[Record set — start]
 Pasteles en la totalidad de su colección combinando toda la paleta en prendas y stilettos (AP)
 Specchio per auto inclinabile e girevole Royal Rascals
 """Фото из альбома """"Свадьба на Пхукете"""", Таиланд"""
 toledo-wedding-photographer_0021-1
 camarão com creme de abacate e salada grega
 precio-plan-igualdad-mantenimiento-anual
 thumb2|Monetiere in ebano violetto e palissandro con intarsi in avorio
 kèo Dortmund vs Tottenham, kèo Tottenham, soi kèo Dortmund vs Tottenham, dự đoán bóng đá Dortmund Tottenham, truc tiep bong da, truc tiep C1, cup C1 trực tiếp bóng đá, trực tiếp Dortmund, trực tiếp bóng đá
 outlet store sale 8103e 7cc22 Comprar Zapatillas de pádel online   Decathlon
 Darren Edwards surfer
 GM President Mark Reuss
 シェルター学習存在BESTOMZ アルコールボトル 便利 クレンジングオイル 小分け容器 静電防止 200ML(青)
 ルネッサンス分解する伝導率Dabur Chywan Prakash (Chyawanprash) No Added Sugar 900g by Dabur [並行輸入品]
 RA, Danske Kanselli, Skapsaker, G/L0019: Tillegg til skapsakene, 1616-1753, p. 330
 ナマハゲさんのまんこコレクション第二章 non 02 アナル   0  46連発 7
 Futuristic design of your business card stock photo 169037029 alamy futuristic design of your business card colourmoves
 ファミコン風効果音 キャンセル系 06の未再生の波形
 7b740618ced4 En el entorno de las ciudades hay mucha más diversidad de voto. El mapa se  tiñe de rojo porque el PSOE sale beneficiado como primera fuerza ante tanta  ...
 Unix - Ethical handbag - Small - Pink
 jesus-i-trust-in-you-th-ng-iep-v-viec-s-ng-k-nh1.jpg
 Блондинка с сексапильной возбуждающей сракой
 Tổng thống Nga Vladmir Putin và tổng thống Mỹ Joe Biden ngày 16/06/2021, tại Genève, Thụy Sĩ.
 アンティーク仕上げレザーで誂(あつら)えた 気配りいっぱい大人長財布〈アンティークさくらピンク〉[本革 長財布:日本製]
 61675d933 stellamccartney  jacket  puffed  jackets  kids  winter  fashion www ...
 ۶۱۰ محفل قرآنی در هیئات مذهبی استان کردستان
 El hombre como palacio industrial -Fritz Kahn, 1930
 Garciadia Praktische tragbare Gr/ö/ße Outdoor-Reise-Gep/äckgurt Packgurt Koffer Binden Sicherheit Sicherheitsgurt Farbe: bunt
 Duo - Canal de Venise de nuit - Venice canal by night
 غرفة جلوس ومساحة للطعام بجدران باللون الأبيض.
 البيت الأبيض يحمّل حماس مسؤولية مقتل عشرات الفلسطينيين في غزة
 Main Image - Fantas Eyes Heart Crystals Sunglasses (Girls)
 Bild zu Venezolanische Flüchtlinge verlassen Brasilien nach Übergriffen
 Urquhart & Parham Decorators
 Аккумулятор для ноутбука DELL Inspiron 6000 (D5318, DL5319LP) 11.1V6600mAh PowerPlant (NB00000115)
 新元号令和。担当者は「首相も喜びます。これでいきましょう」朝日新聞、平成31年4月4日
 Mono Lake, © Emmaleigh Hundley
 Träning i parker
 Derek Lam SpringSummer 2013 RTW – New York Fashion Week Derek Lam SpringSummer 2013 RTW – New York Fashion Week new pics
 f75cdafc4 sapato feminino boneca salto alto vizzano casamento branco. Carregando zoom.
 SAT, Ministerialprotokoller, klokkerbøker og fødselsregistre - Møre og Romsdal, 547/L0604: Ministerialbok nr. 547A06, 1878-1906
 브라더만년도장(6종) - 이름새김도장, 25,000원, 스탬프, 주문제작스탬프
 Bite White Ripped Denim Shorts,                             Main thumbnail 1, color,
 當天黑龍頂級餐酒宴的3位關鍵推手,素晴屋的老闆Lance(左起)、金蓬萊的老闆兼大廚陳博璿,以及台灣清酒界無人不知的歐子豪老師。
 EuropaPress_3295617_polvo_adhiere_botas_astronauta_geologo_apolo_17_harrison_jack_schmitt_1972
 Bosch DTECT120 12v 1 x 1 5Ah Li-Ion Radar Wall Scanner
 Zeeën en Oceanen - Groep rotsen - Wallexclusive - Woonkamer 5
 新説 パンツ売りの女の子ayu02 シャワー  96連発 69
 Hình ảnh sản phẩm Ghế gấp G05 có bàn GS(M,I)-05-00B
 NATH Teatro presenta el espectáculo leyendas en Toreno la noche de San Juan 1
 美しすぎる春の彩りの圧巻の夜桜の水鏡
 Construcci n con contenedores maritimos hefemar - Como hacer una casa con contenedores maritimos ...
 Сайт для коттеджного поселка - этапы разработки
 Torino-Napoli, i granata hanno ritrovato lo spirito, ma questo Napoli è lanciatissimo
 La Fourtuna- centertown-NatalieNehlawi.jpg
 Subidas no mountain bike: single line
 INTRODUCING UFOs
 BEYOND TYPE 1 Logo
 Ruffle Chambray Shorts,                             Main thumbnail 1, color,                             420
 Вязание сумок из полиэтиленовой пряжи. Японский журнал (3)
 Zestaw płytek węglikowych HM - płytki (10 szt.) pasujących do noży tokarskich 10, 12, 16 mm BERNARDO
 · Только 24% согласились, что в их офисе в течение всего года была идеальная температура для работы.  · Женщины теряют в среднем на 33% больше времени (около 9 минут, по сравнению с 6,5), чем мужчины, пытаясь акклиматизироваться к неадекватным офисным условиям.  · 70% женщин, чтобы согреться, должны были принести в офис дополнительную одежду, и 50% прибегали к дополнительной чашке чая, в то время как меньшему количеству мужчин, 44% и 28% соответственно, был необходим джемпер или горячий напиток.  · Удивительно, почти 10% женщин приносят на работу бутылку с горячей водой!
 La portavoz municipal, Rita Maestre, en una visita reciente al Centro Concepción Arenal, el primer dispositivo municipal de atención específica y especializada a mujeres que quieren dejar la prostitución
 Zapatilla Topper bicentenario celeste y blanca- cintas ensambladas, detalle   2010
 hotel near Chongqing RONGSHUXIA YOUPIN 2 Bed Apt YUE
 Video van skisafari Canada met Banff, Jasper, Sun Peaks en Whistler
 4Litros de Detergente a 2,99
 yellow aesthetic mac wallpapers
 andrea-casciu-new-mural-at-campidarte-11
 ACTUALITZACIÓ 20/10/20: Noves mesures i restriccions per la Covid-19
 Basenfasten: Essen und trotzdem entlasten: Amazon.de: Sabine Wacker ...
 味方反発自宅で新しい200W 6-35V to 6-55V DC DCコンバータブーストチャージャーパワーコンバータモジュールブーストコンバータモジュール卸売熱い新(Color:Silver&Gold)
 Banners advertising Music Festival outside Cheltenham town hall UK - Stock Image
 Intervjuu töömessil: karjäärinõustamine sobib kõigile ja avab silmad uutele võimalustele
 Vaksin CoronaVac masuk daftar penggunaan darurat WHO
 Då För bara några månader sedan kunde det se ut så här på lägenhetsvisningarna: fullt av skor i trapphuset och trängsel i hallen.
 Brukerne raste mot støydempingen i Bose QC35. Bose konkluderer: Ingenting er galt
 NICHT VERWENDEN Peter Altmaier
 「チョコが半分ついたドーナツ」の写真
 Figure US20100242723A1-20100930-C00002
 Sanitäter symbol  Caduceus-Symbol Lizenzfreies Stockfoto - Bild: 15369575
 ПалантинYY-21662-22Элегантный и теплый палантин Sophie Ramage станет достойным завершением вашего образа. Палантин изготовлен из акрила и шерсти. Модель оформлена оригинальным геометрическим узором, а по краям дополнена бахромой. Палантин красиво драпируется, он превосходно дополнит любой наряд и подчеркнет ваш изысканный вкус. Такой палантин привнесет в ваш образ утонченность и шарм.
[Record set — finish]
Return only the number of lines in the data above that include the word "Bild".

--- Exercise answer ---
2